Strain-induced nanostructure of Pb(Mg_1/3Nb_2/3)O₃-PbTiO₃ on SrTiO₃ epitaxial thin films with low PbTiO₃ concentration

The singularity of the structure in (1-x)Pb(Mg_1/3Nb_2/3)O_3-xPbTiO₃ (PMN-xPT) (x = 0-50 mol-) epitaxial thin films of 100 nm thickness was investigated from the viewpoint of the localized residual strain in the nanoscale. The films were deposited on SrTiO₃ (STO) (001) single-crystal substrates by chemical solution deposition (CSD) using metallo-organic decomposition (MOD) solutions. X-ray and electron diffraction patterns revealed that PMN-xPT thin films included a single phase of the perovskite-type structure with the cube-on-cube orientation relationship between PMN-xPT and STO: (001)Film k (001)Sub, [100]Film k [100]Sub. X-ray reciprocal space maps showed an in-plane tensile strain in all the compositional ranges considered. Unit cells in the films were strained from the rhombohedral (pseudocubic) R phase to a lower symmetry crystal system, the monoclinic (MB) phase. The morphotropic phase boundary (MPB) that split the R and tetragonal (T) phases was observed at x = 30-35 for bulk crystals of PMN-xPT, whereas the strain suppressed the transformation from the R phase to the T phase in the films up to x = 50. High-angle annular dark field-scanning transmission electron microscopy (HAADF-STEM) analysis and its related local strain analysis revealed that all of the films have a bilayer morphology.
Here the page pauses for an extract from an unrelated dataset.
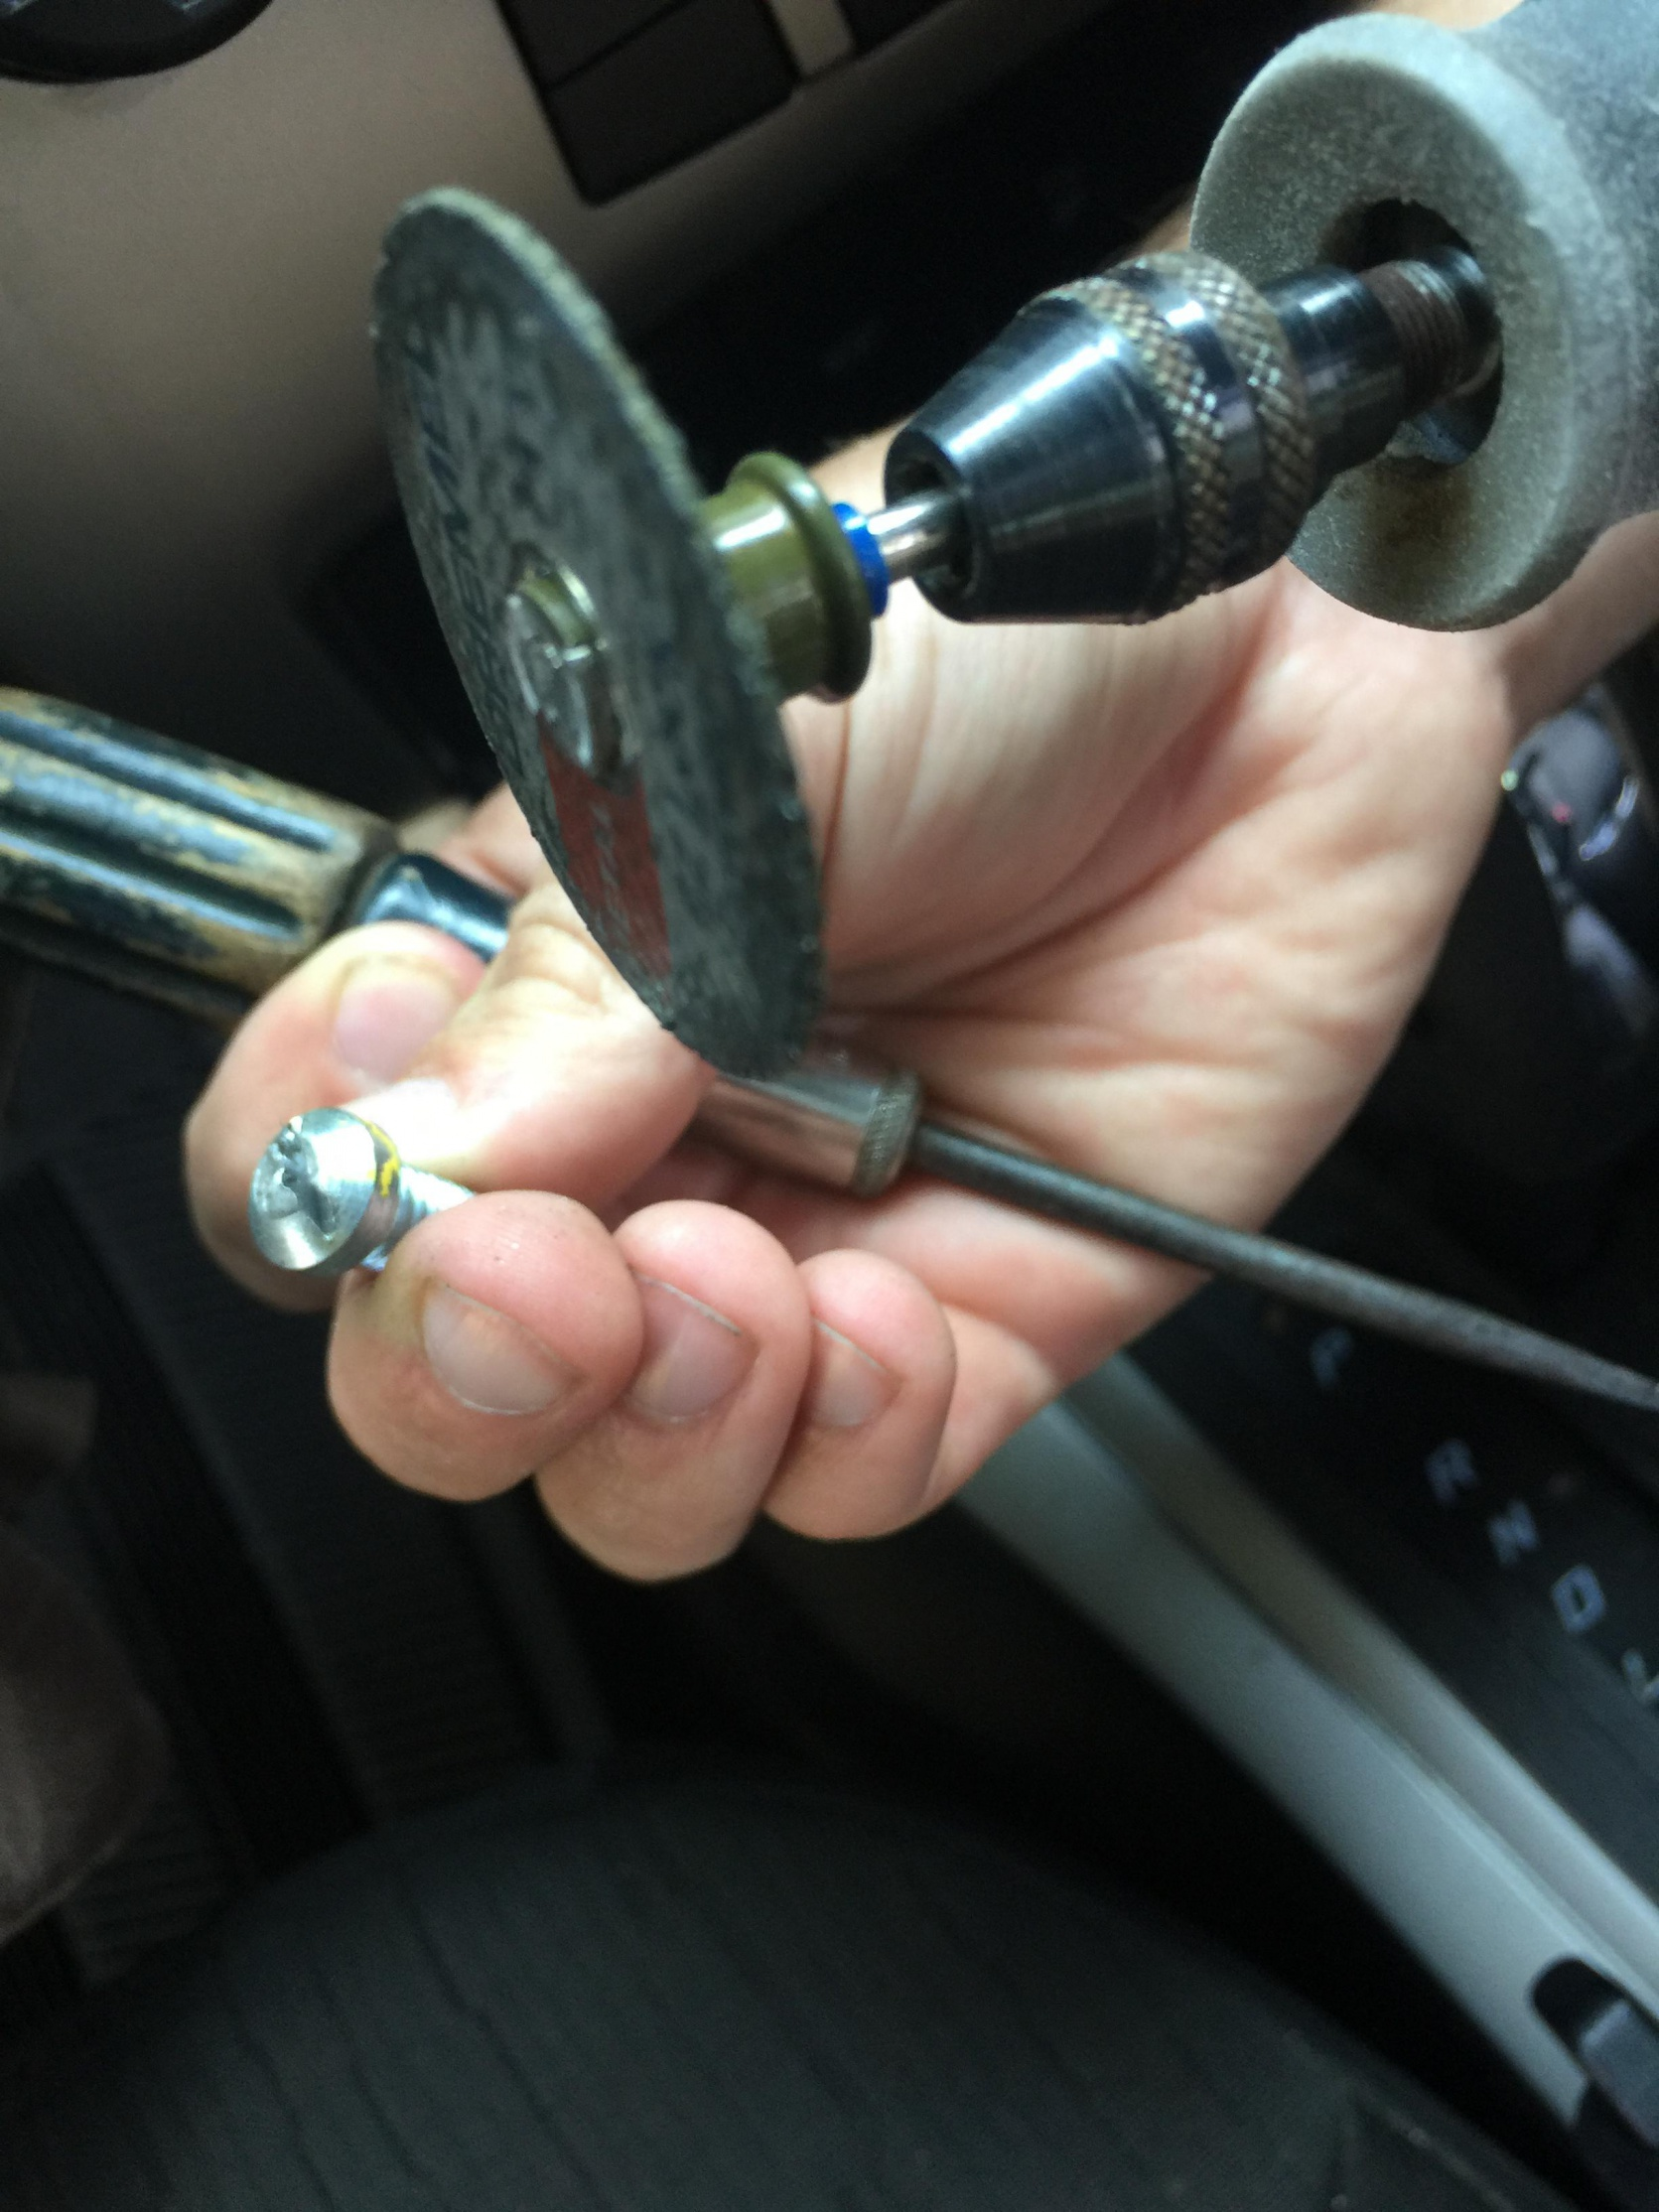 Turn key won't start, ignition switch issue-image_1469165955977.jpg

The nanoscale strained layer formed only above the film/substrate semi-coherent interface. The misfit dislocations generated the localized and periodic strain fields deformed the unit cells between the dislocation cores from the R to an another type of the monoclinic (MA) phase. Thus, the singular and localized residual strains in the PMN-xPT/STO (001) epitaxial thin films affect the phase stability around the MPB composition and result in the MPB shift phenomena.